Friday, January 27, 2012

Greek government chasing down gangs and tax dodgers

Just a week after police smashed four major extortion and usury rackets in Thessaloniki, the Financial Crimes Squad (SDOE) has indicated that it is on the verge of cracking similar rings in Attica and the central port of Volos.

According to a source at SDOE, the new rings are smaller than the ones that have been operating in the northern port city but they are believed to be growing rapidly. The same source told Kathimerini that an increasing number of entrepreneurs are turning to such rackets for financial aid as banks are unable to give them loans amid tightening liquidity.

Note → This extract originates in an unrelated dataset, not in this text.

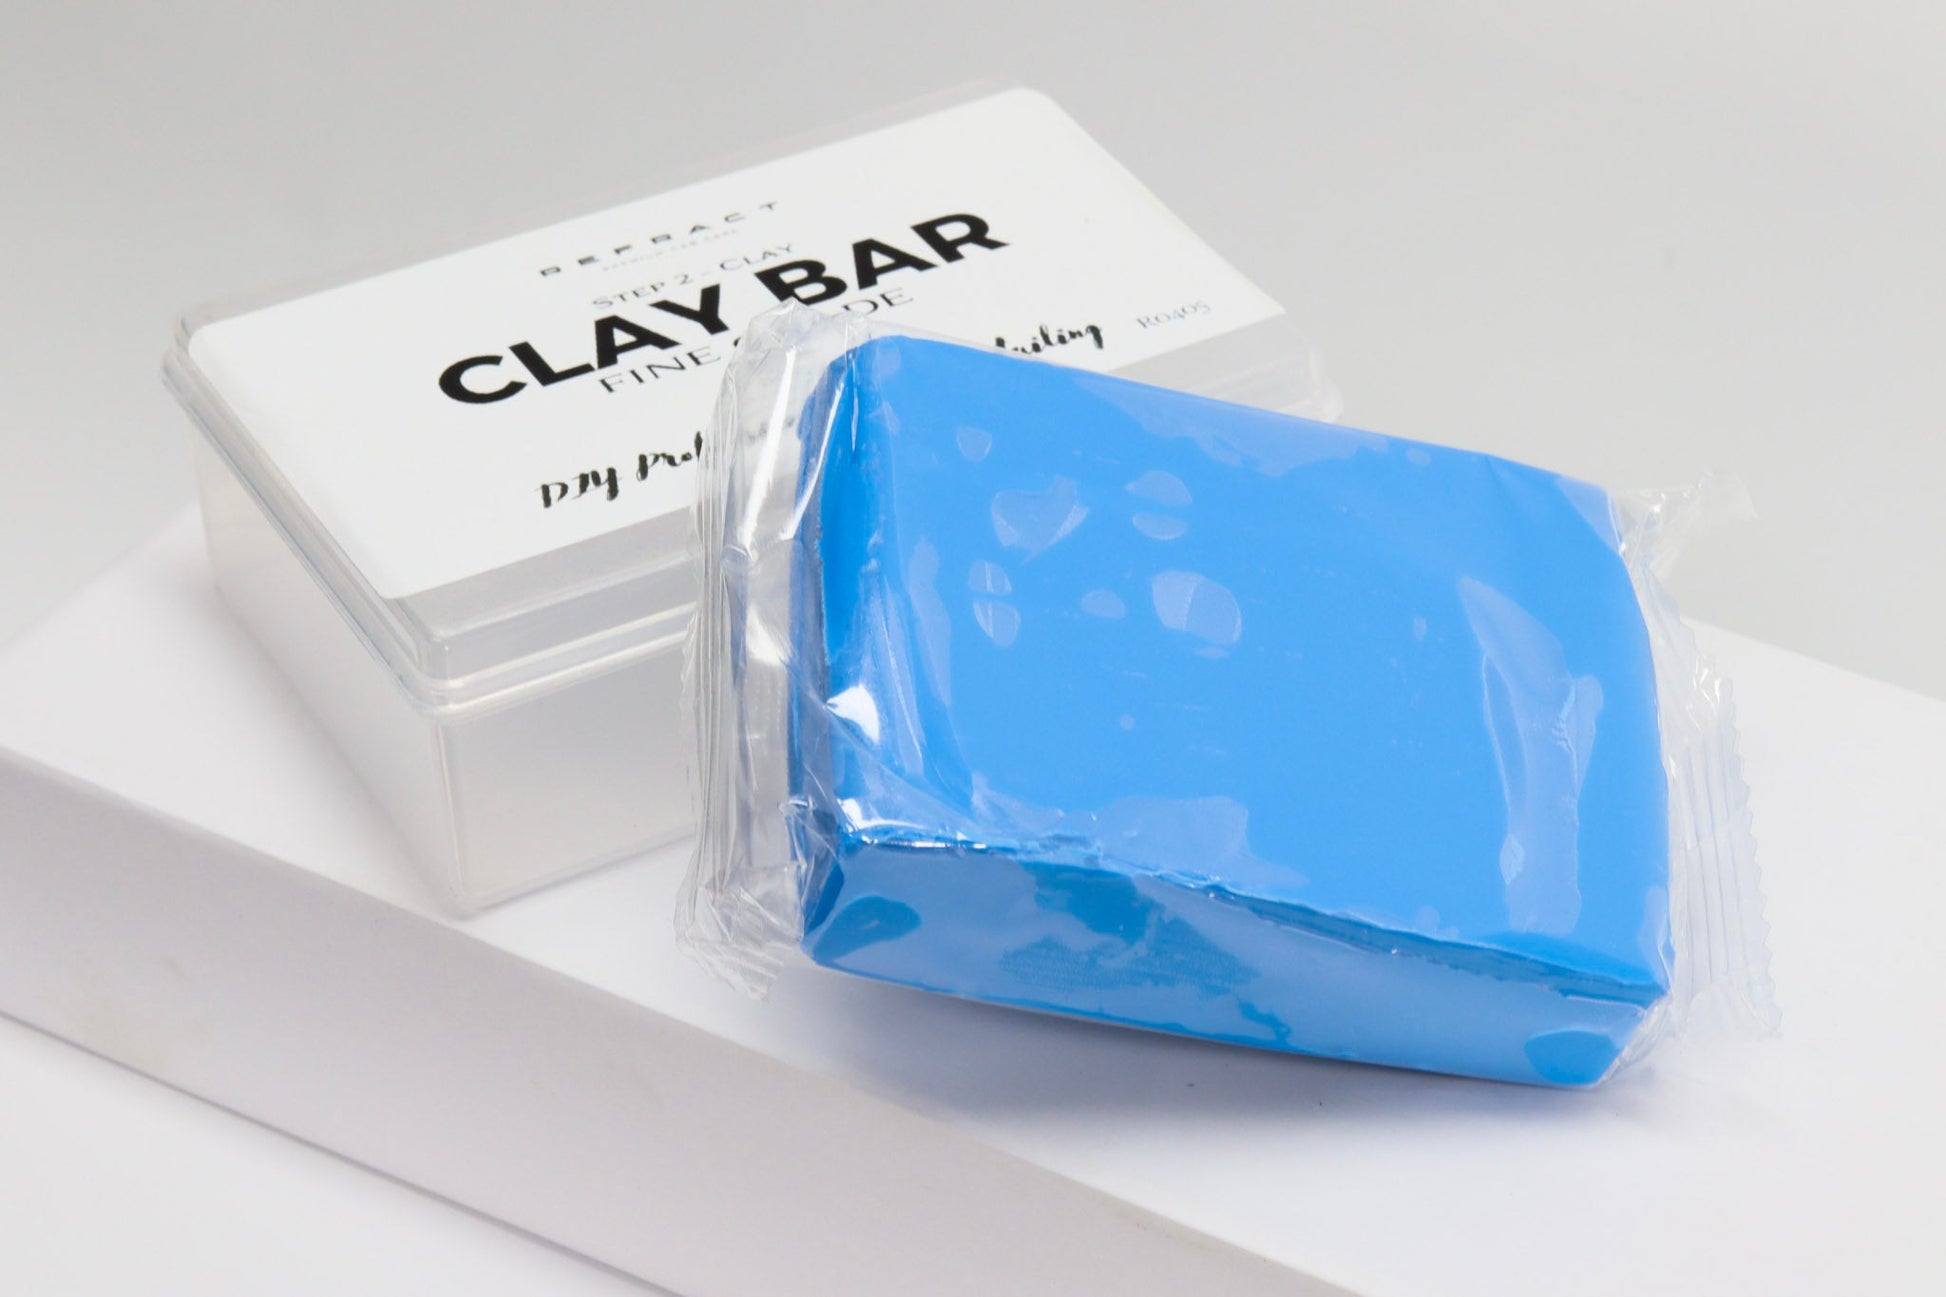 Refract Premium Car Care Products Refract 150g Fine Grade Clay Bar $18.95

The practice of extortion rings buying winning lottery tickets en masse as a way of laundering their profits is also gaining ground, the source said.

Meanwhile, Finance Ministry inspectors have been instructed to start pursuing some 14.8 billion euros in unpaid taxes owed to the state by 4,151 individuals.

The order came a few hours after the ministry published a list of the individuals, who include several household names, in a bid to shame them into paying up.

The list includes veteran singer Tolis Voskopoulos, who owes just over half a million euros, and disgraced business tycoon Giorgos Koskotas, who owes 2.4 million euros (his brother, Stavros, owes about the same). Giorgos Batatoudis, the former president of Thessaloniki soccer club PAOK, is also on the list with tax debts of 2.5 million euros, as is Pavlos Psomiadis, the owner of a defunct insurance firm Aspis, with debts of 1.5 million euros.

Topping the list though is Nikos Kassimatis, a Thessaloniki accountant with a tax debt of 952 million euros who is currently serving a 504-year prison sentence for running a value-added tax scam.

Last September, the ministry published a similar list of 6,000 companies with a collective tax debt of 30 billion euros. That list was topped by the Hellenic Railways Organization (OSE), which owes 1.26 billion euros in unpaid taxes, and included 13 professional soccer clubs. It remains unclear how much of the 30 billion euros has been recouped.